Теперь Кролевцы навек оторвались от своих дальних хуторов, обеднели, притихли. Постепенно стали отмирать все экономические и родственные связи между близкими людьми. Словно большой пожар пронесся над многими судьбами. Время испепелило все воспоминания о прежних связях. Они еще долго-долго вспыхивали мелкими искорками, как тлеющие угольки в золе, и наконец навсегда погасли.

Судеб Ирины, Максима и Анны эти события уже не затронули. Они жили на новом месте, на новом хуторе Жукова.

Осенью возвратился домой с первого похода в Крым чумак Максим. Семья его встретила с радостью. Первой новостью был рассказ о том, что у него родился сын и поп окрестил его Федором, а второй – что молодой пан Иван со всей дворней из Кролевец переселился в новый дом, а их хутор назван Жуковым.

Отклонимся в сторону от главной темы. Несколькими штрихами обрисуем портрет молодого барина Ивана Жука.

В юности он учился в Киеве, в том же коллегиуме, где чуть раньше учился его старший коллега Григорий Сковорода. Сковорода, вопреки своему кредо «Нехай в того мозок рвется, хто высоко в гору прется», окончил его, а Иван Жук – нет. Бросил.

Молодой барин порвал все учебники, сжег все святцы и махнул домой, в родные хутора. Отец не ругал. Даже одобрил поступок сына. Рад был, что «дитина вернулась до рiдной хаты. Хай, мол, сын теми науками голову не суше. Хиба ж таю науки пановi до цуки?». Мол, голова сына и руки для хозяйственного дела нужны!
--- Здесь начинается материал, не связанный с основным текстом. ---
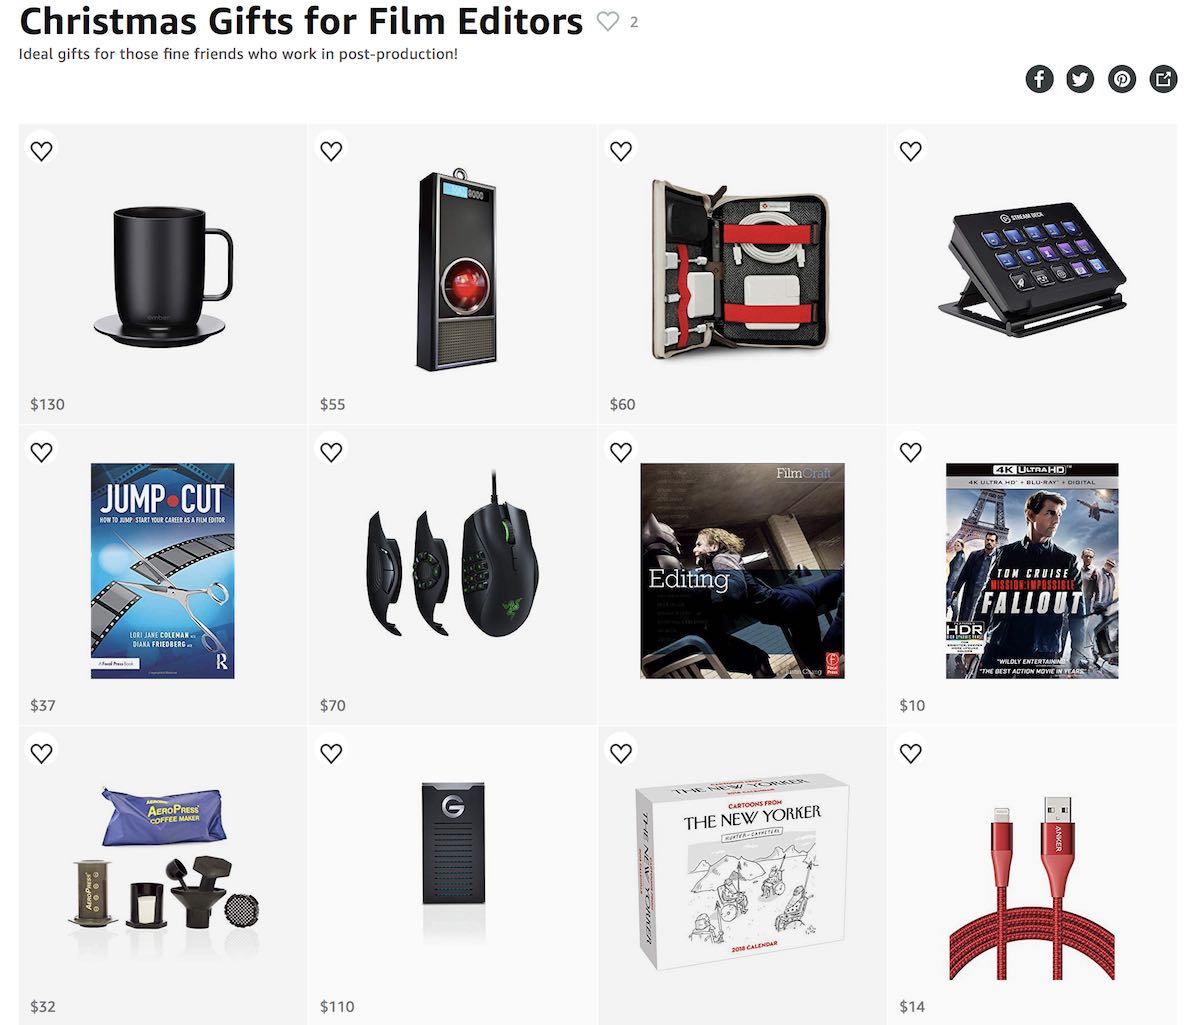 The Best Christmas Gifts for Film Editors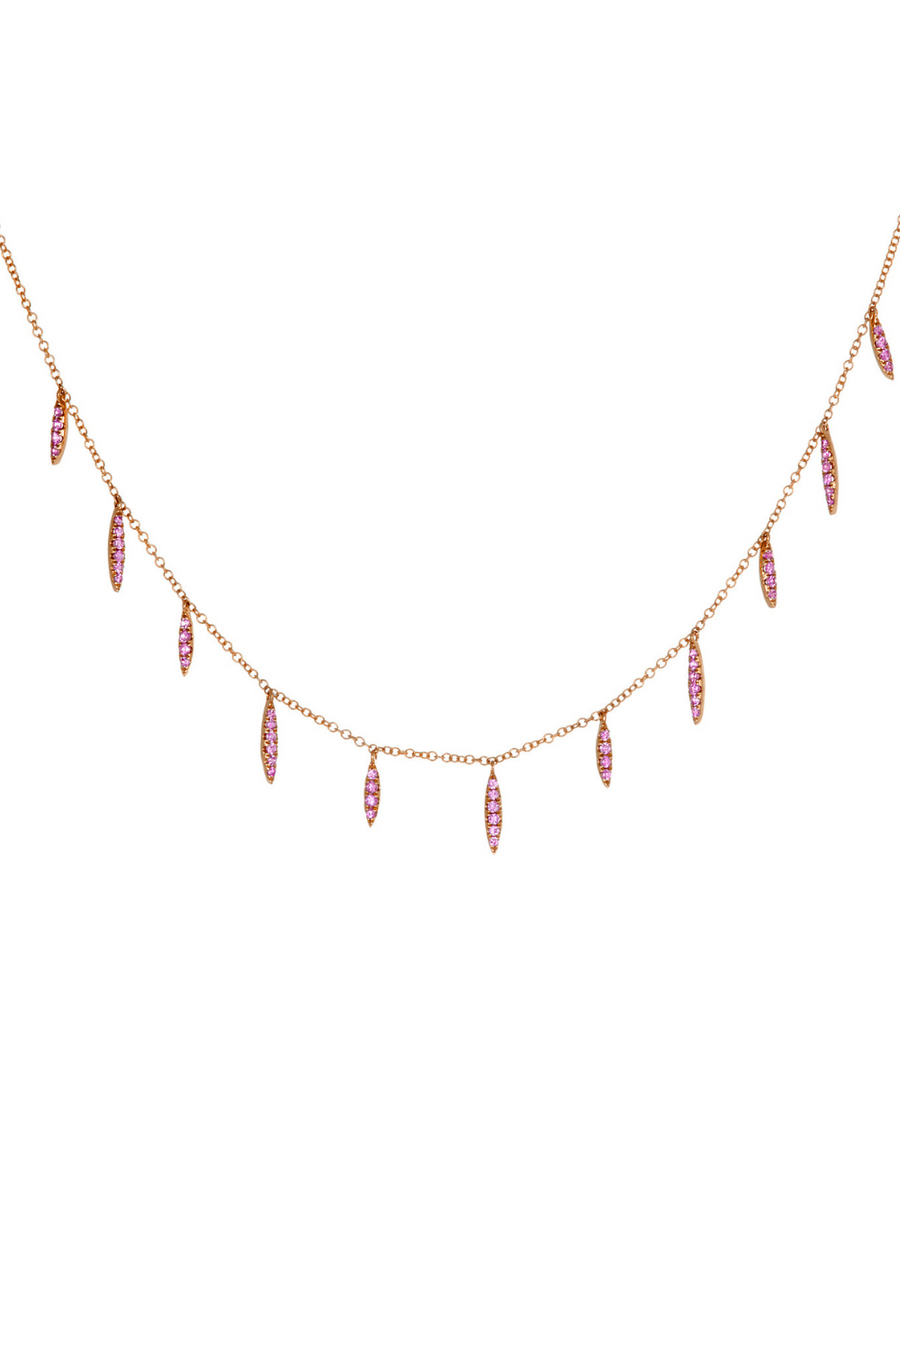 Pink Sapphire Deluxe 'Eleven Wishes' Necklace in 14k Yellow Gold

По приезде сынок сразу зажил вольным казаком. Поживет с месяц под отчей крышей, да и двинет на хутор под Глинское, погуляет там и оттуда за Ромны на дальние степные хутора заявится… И живет так паныч по хуторам, где все обильем дышит. Вечера проводит с хуторскими парубками да девками «пид тыхымы вербамы». Зиму – на «досвитках» да игрищах. То забредет в соседнее поместье, то ночь проведет в поле у костра с проезжими чумаками, то к косарям на покос завалится.